Huo Sitong, Zhang Shuqing, Wu Qilin, Zhang Xinping
Institute of Information Photonics Technology, School of Physics and Optoelectronic Engineering, Beijing University of Technology, Beijing 100124, China.
Nanomaterials (Basel). 2024 Feb 28;14(5):445. doi: 10.3390/nano14050445.
The band gap is a key parameter in semiconductor materials that is essential for advancing optoelectronic device development. Accurately predicting band gaps of materials at low cost is a significant challenge in materials science. Although many machine learning (ML) models for band gap prediction already exist, they often suffer from low interpretability and lack theoretical support from a physical perspective. In this study, we address these challenges by using a combination of traditional ML algorithms and the 'white-box' sure independence screening and sparsifying operator (SISSO) approach. Specifically, we enhance the interpretability and accuracy of band gap predictions for binary semiconductors by integrating the importance rankings of support vector regression (SVR), random forests (RF), and gradient boosting decision trees (GBDT) with SISSO models. Our model uses only the intrinsic features of the constituent elements and their band gaps calculated using the Perdew-Burke-Ernzerhof method, significantly reducing computational demands. We have applied our model to predict the band gaps of 1208 theoretically stable binary compounds. Importantly, the model highlights the critical role of electronegativity in determining material band gaps. This insight not only enriches our understanding of the physical principles underlying band gap prediction but also underscores the potential of our approach in guiding the synthesis of new and valuable semiconductor materials.

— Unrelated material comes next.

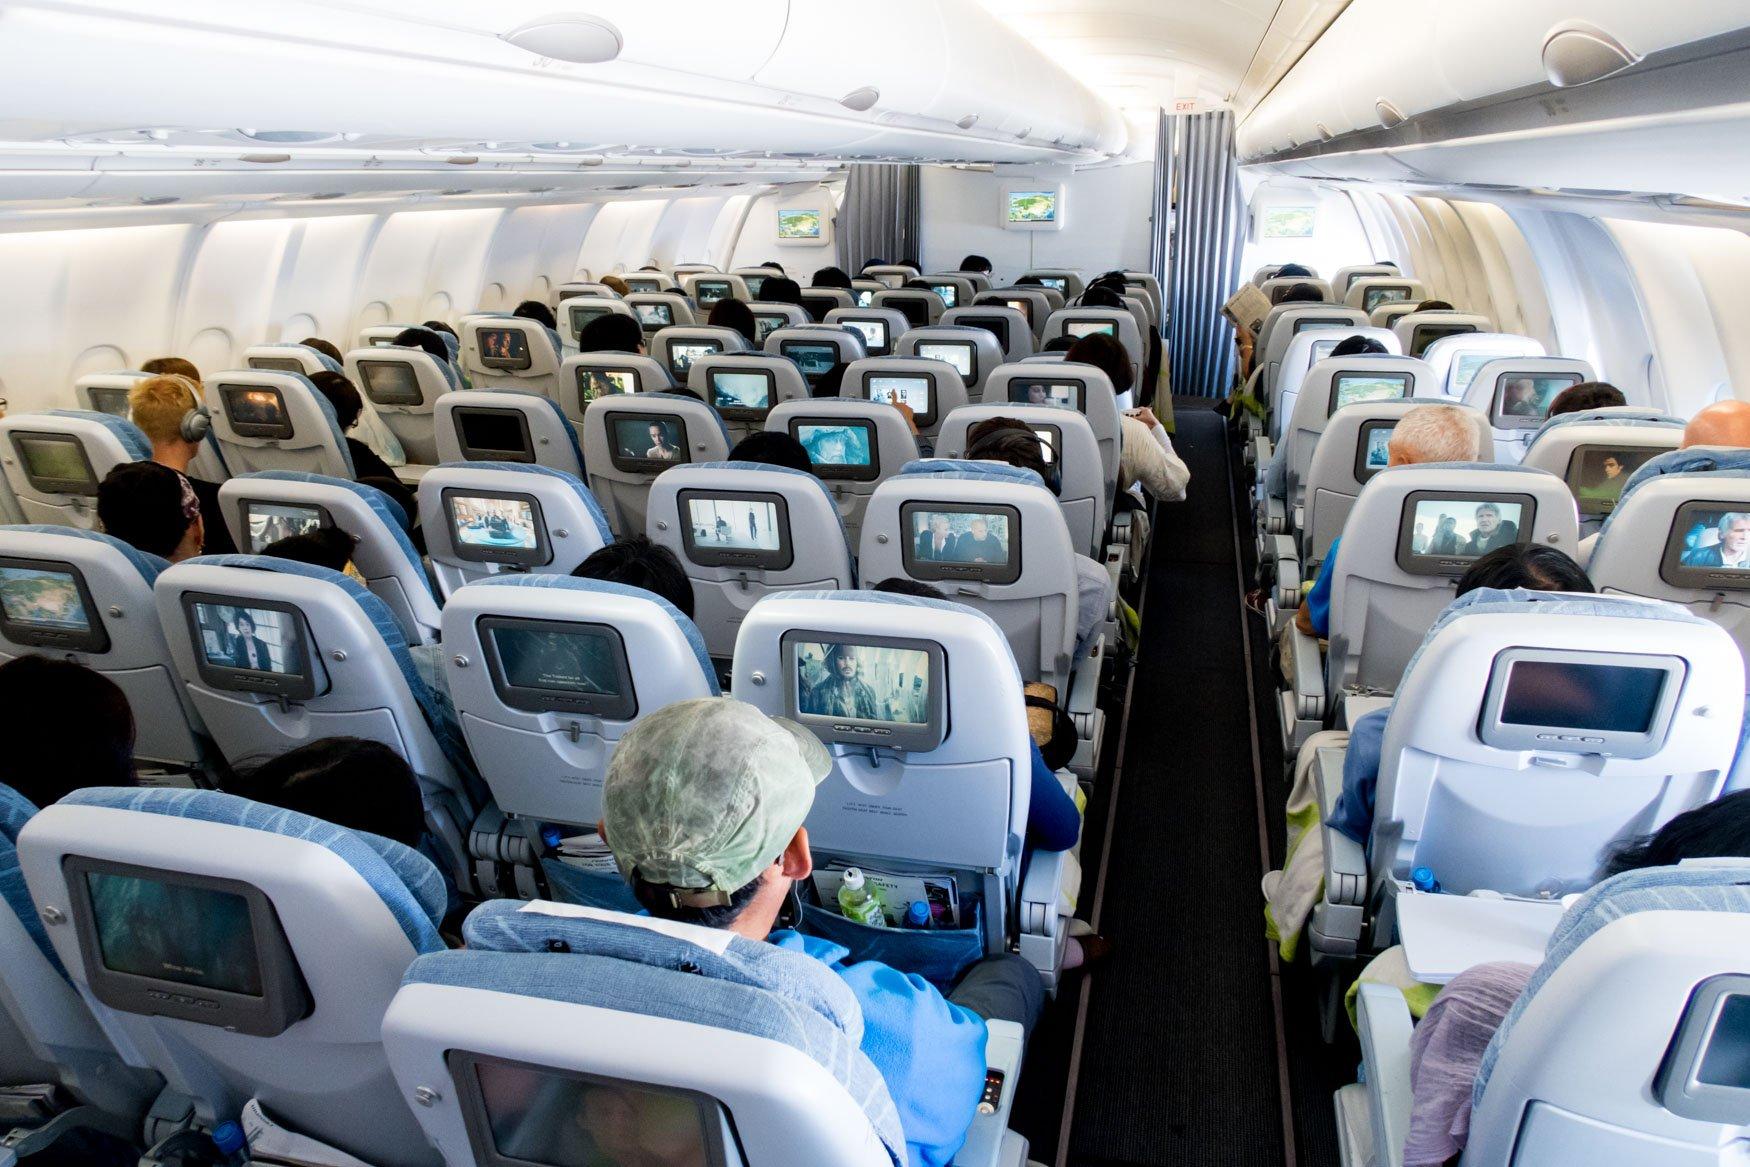 Finnair A330-300 Economy Class Cabin
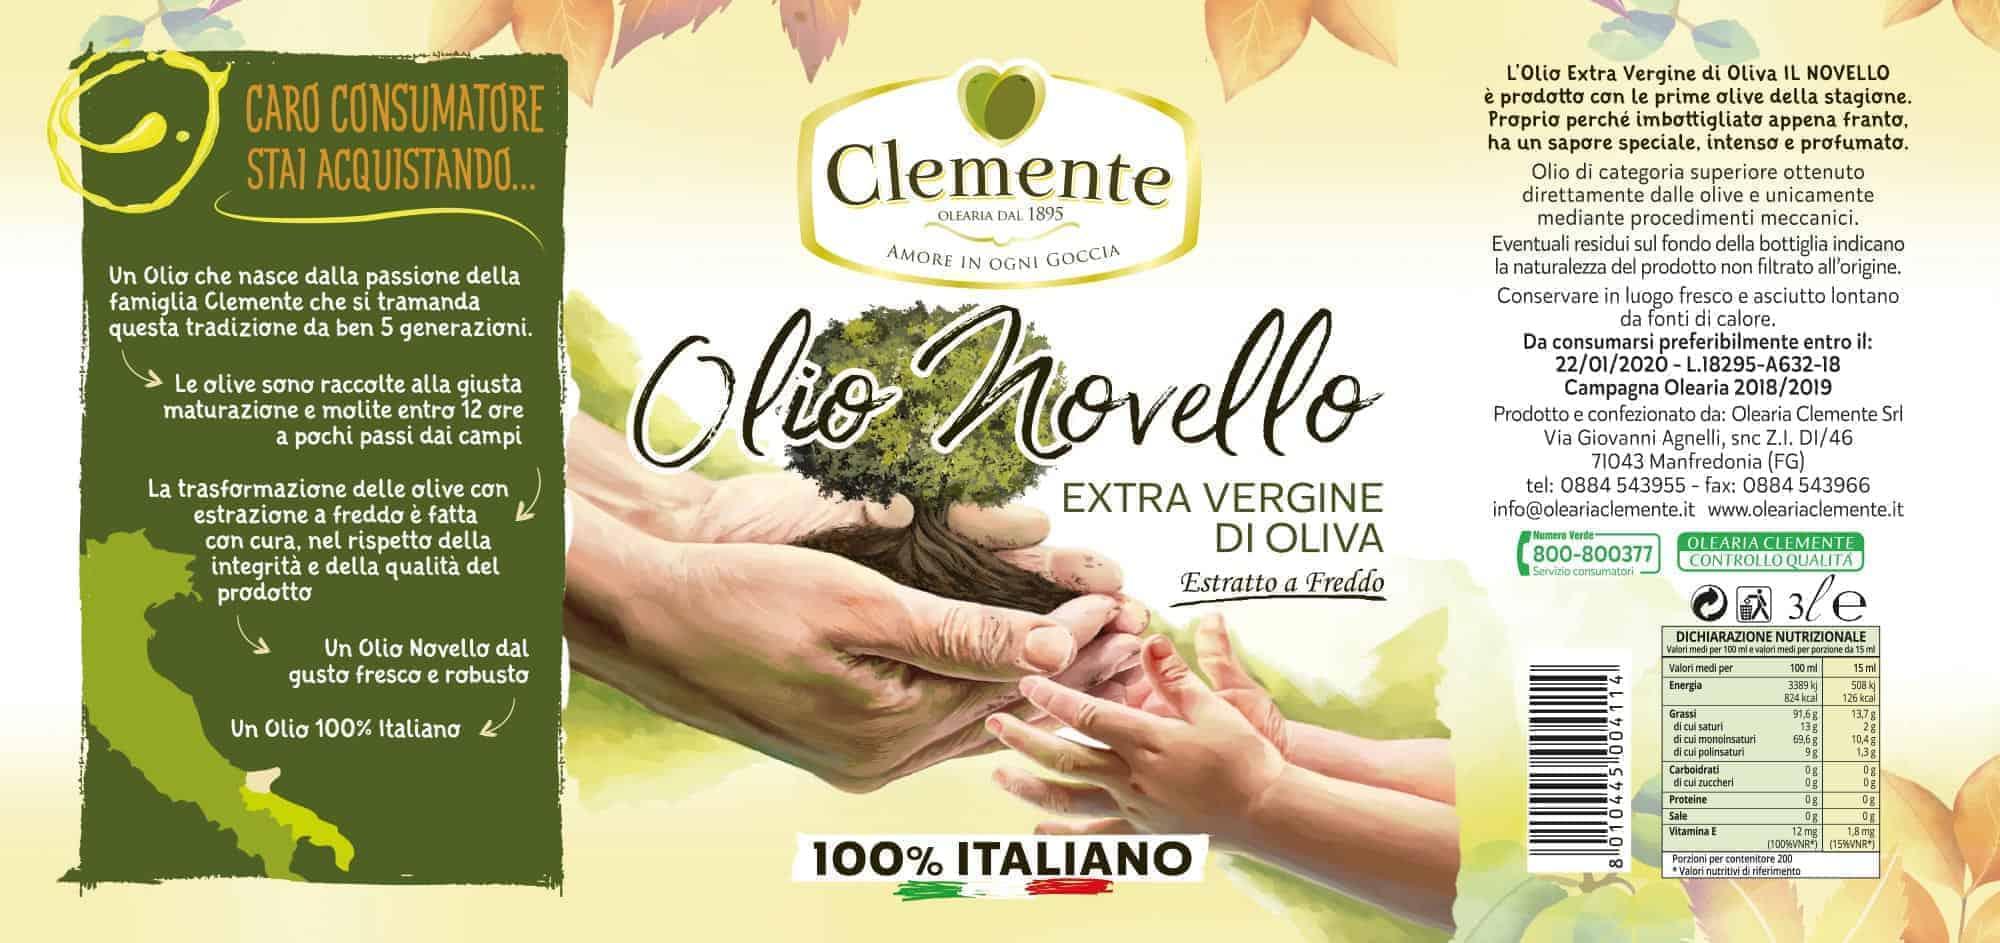 Olio Extravergine 100% Italiano Novello 3 Litri - Etichetta

带隙是半导体材料中的一个关键参数,对于推进光电器件的发展至关重要。以低成本准确预测材料的带隙是材料科学中的一项重大挑战。尽管已经存在许多用于带隙预测的机器学习(ML)模型,但它们往往缺乏可解释性,并且从物理角度缺乏理论支持。在本研究中,我们通过结合传统的ML算法和“白盒”确定性独立筛选和稀疏化算子(SISSO)方法来应对这些挑战。具体而言,我们通过将支持向量回归(SVR)、随机森林(RF)和梯度提升决策树(GBDT)的重要性排名与SISSO模型相结合,提高了二元半导体带隙预测的可解释性和准确性。我们的模型仅使用组成元素的固有特征及其使用Perdew-Burke-Ernzerhof方法计算的带隙,显著降低了计算需求。我们已将我们的模型应用于预测1208种理论上稳定的二元化合物的带隙。重要的是,该模型突出了电负性在确定材料带隙中的关键作用。这一见解不仅丰富了我们对带隙预测背后物理原理的理解,也强调了我们的方法在指导新型有价值半导体材料合成方面的潜力。